Now our elections are international. :) I love this "Global Corporation" ..
I mean cooperation*

Alawn
01-22-2010, 01:28 PM
Ron Paul on the McCain-Feingold ( Campaign Reform Act )

http://www.ronpaulforums.com/showthread.php?t=227633

You have spammed that tons of times. Stop. This has nothing to do with McCain-Feingold.

yokna7
01-22-2010, 01:38 PM
I must not be a true libertarian. Because I feel conflicted with this ruling. I believe if we had more adherence to the constitution in the past this ruling would be a moot point, but in a society where every institution is becoming "quasi-government" and/or dependent on the government I think this is disastrous. When the government puts its hands in everthing (enviornment, banking, healthcare) the more this privilege by corporations will be abused.

Strict adherence to the Constitution would have prevented all of this.

Southron
01-22-2010, 01:45 PM
Constitutionally I think there is a problem with the ruling.

Granted, I agree Congress should not be able to regulate speech of any kind.

The first amendment prohibits Congress from making laws that do just that.

But what business does the Supreme Court have telling Michigan what speech it can regulate?

Elwar
01-22-2010, 03:02 PM
But what business does the Supreme Court have telling Michigan what speech it can regulate?

The First Amendment gives them that business.

MR2Fast2Catch
01-22-2010, 04:46 PM
But what business does the Supreme Court have telling Michigan what speech it can regulate?
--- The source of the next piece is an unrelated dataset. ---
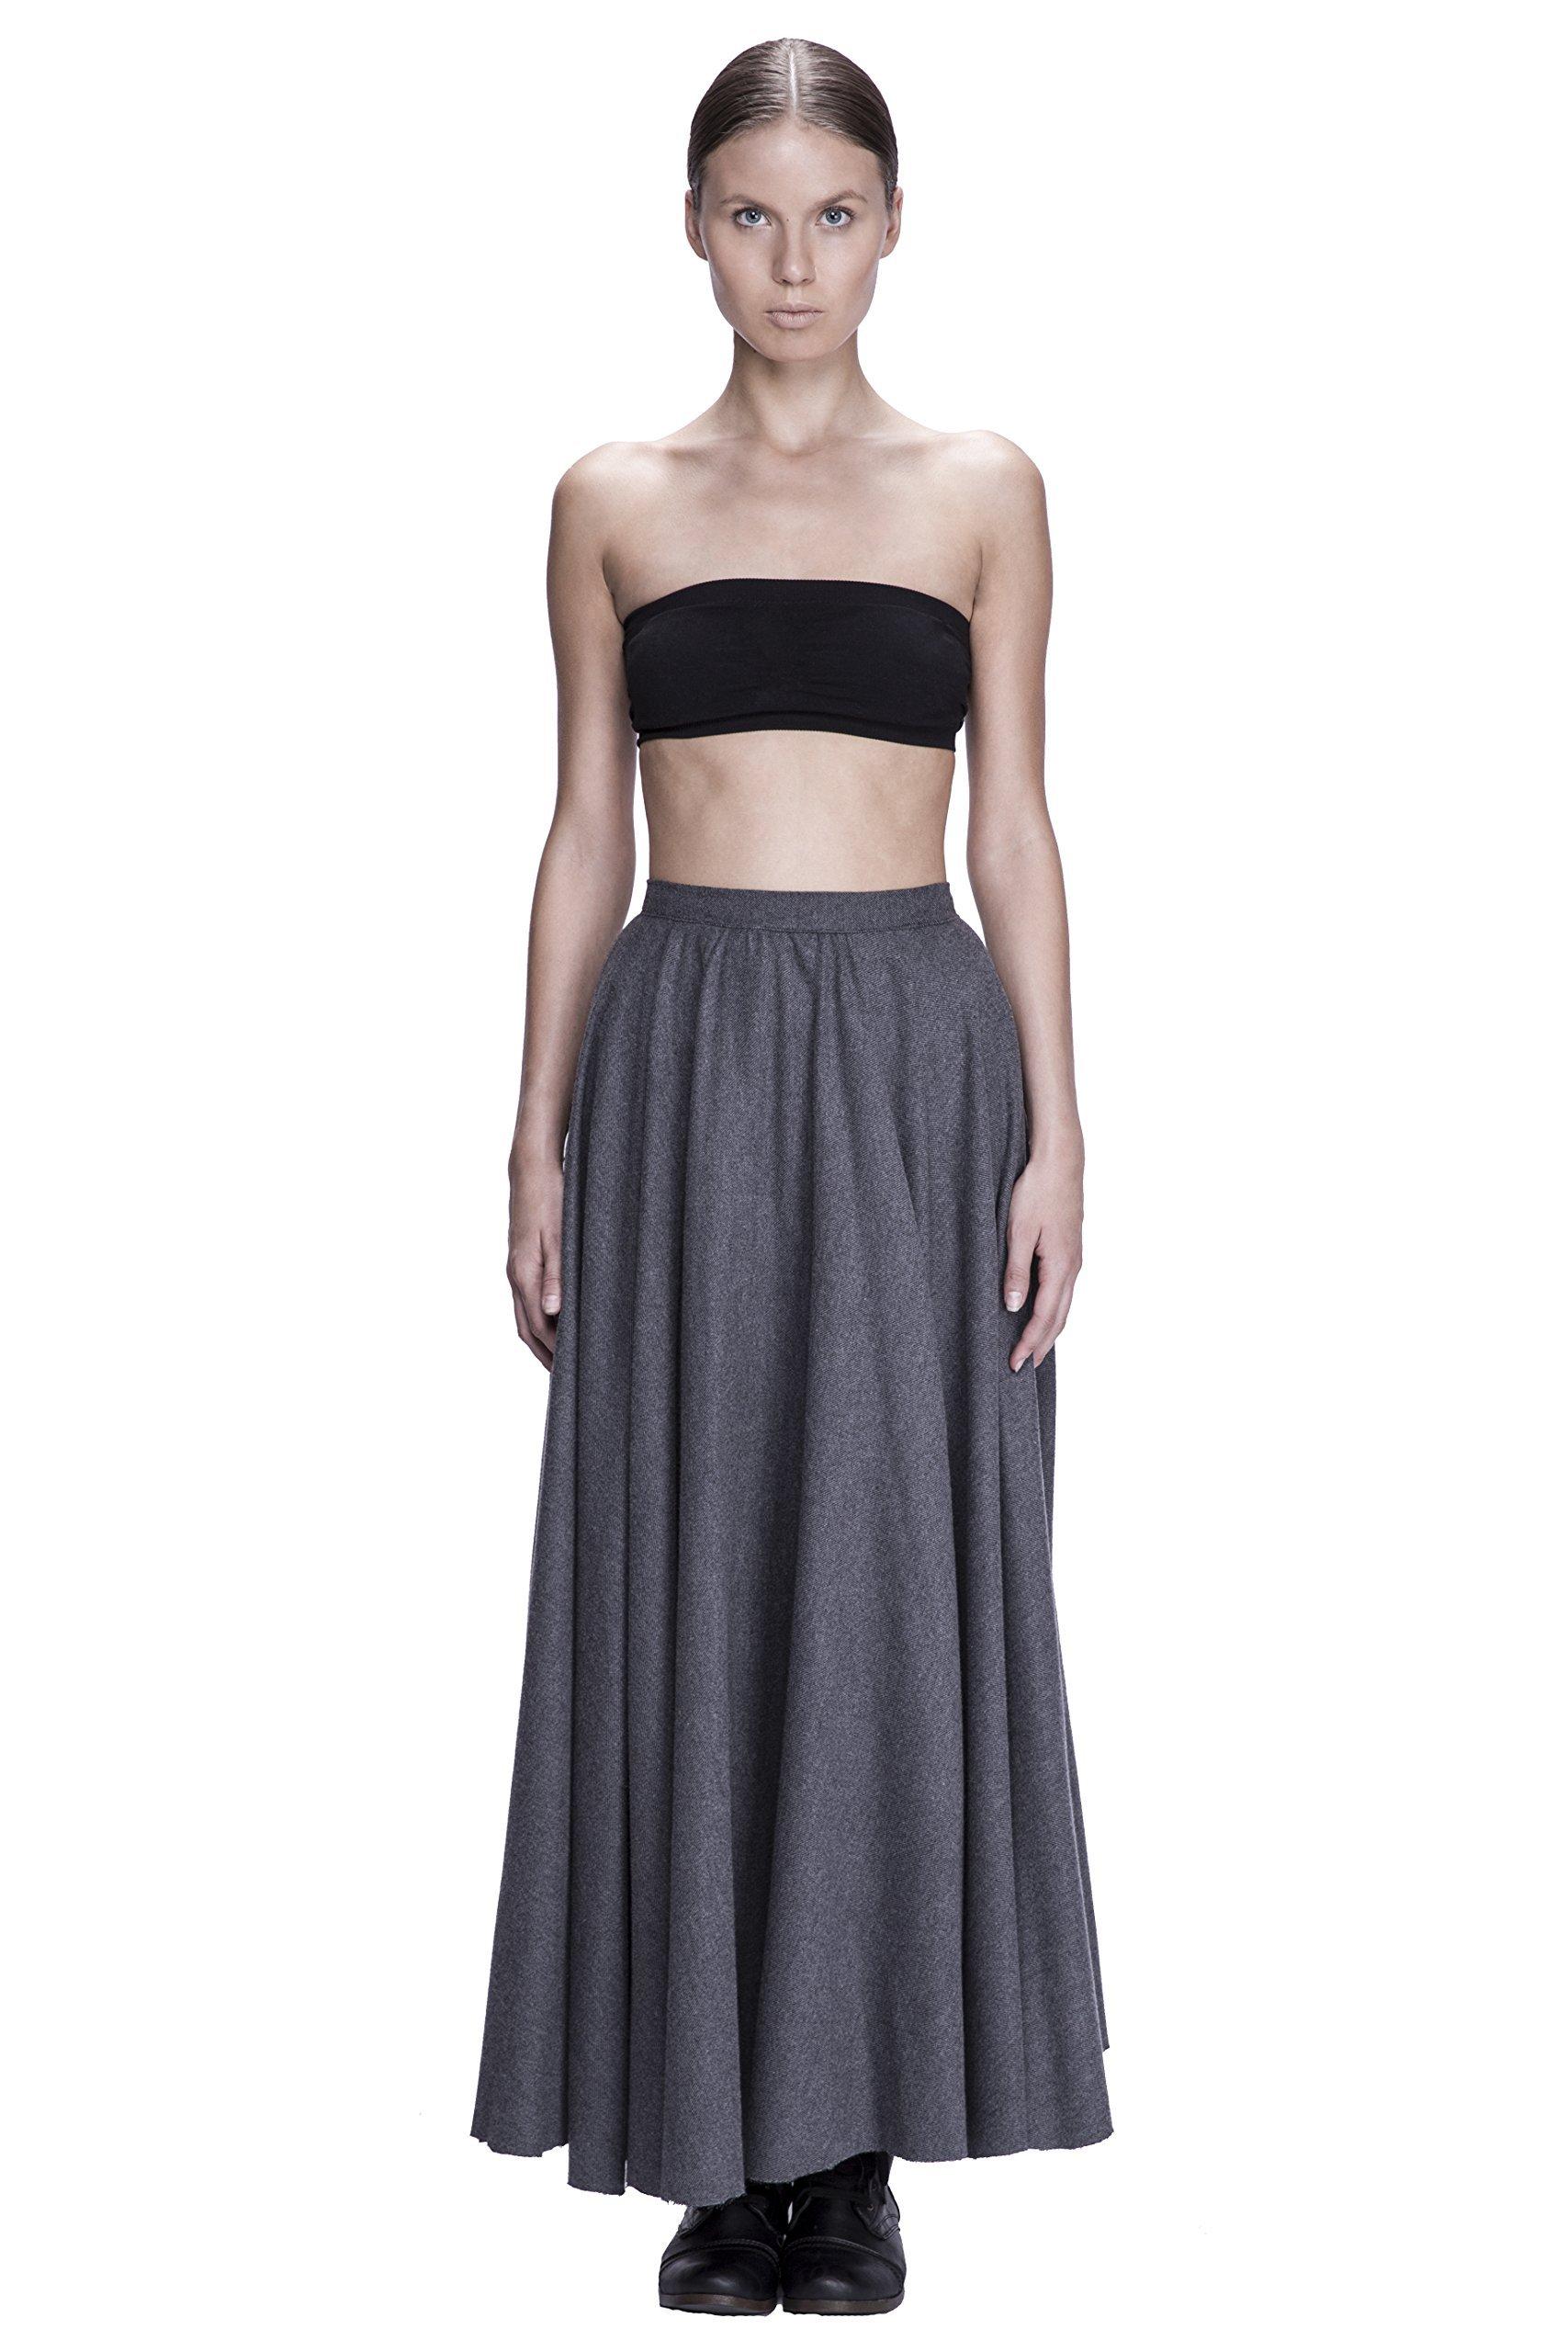 Wool Flannel Full Skirt by Corvus + Crux

Speech can't be regulated, according to the 1st amendment.

Southron
01-22-2010, 06:33 PM
Speech can't be regulated, according to the 1st amendment.

The 1st ammendment applies to the Federal Congress only.
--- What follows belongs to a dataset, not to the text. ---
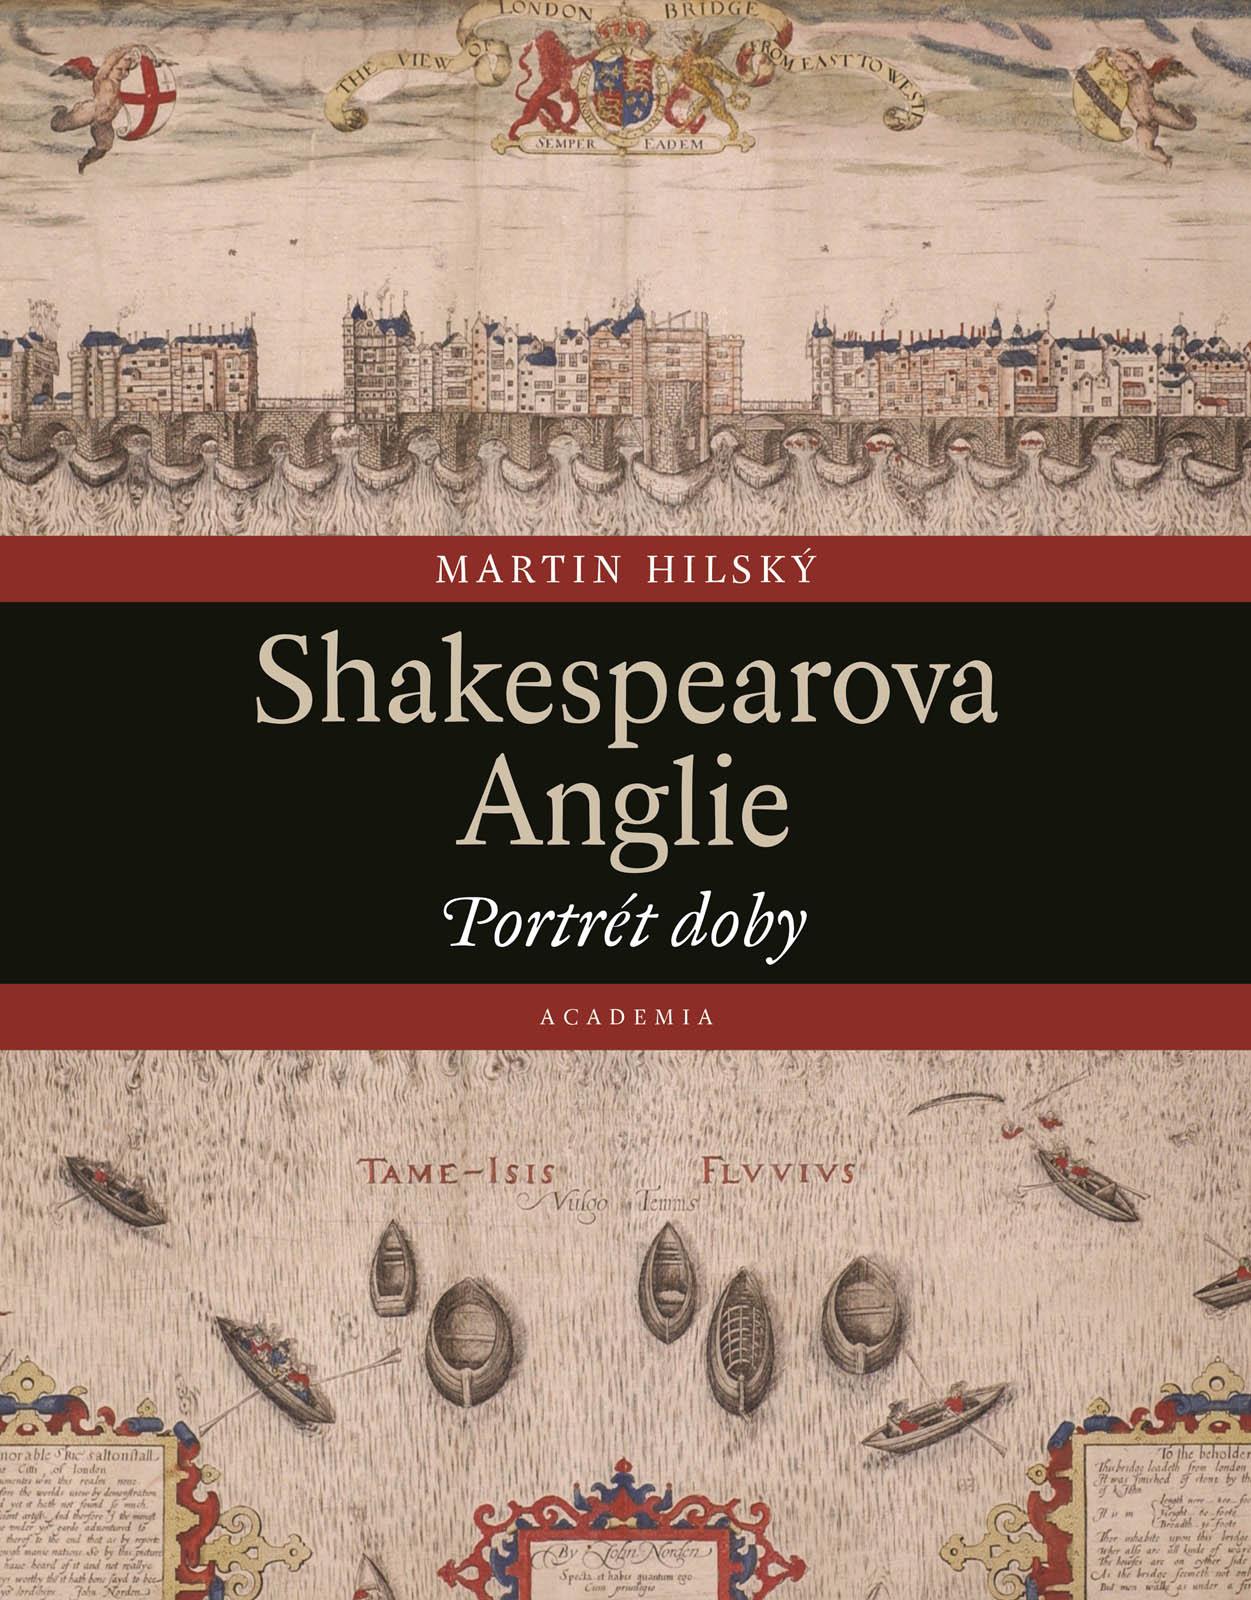 Martin Hilský Shakespearova Anglie: Portrét doby (nakladatelství Academia, Praha, 2020, 765 s.)

The so called "incorporation doctrine" is bs.

Elwar
01-24-2010, 11:13 PM
The 1st ammendment applies to the Federal Congress only.

The so called "incorporation doctrine" is bs.
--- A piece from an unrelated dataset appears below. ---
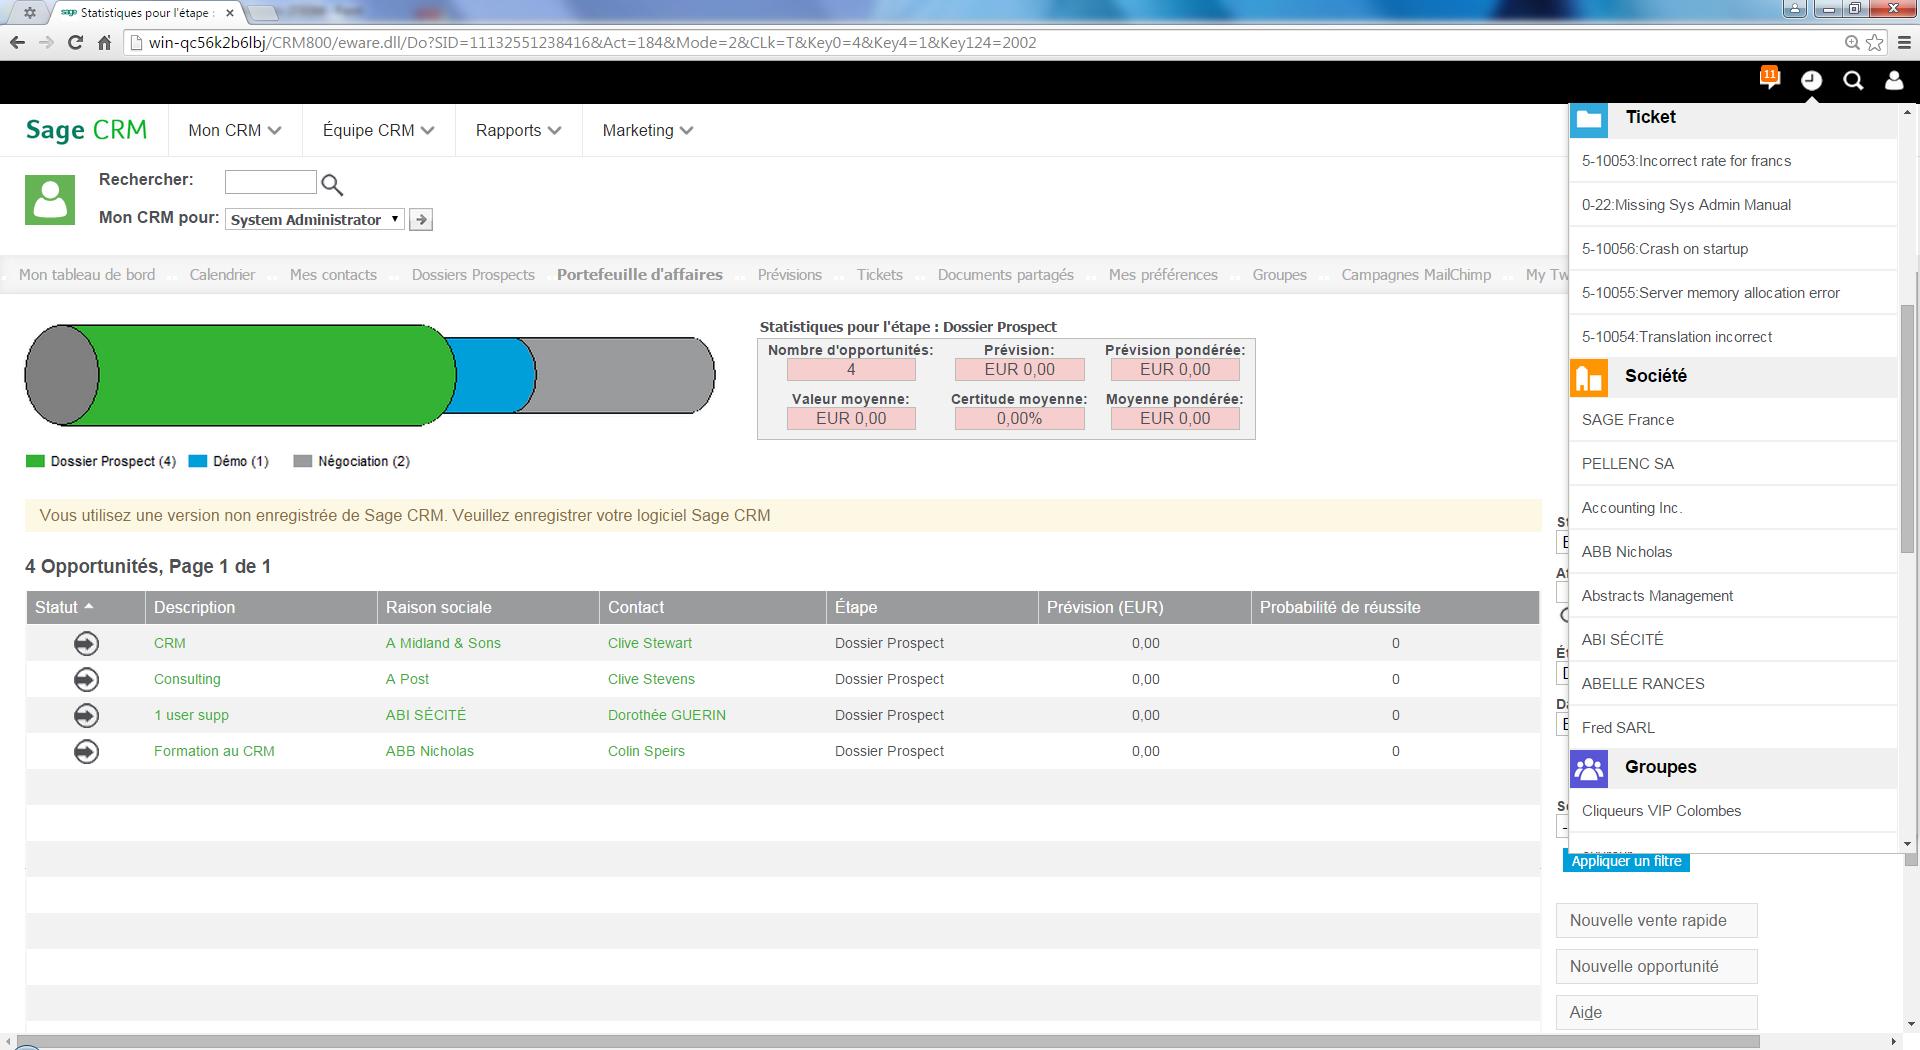 Sage CRM: Interface web adaptive, Base de savoir, wiki, Modules

Exactly...it says "Congress shall make no law..."

Matt Collins
01-24-2010, 11:15 PM
Speech can't be regulated, according to the 1st amendment.
YouTube - A Non-Deranged, Law-Based Special Comment! (http://www.youtube.com/watch?v=rFGpoxnbfeI&feature=player_embedded)

Matt Collins
07-11-2010, 08:14 PM
YouTube - 3 Reasons Not To Sweat The "Citizens United" SCOTUS Ruling (http://www.youtube.com/watch?v=rUdFaIYzNwU&feature=related)

nobody's_hero
07-11-2010, 09:53 PM
Matt that video is gross!

I mean, there's good info in there, but the lead-up to it in the first 45 seconds, where Obama rallies the entire house with downright demonization of the Supreme Court, yuck!!!!

This man has waaaaaaaaaaaaaaaaaaaaaaaaaaaaaay too much influence. I mean, I know there's Godwin's law and everything, but he reminds me of a certain Austrian, at times.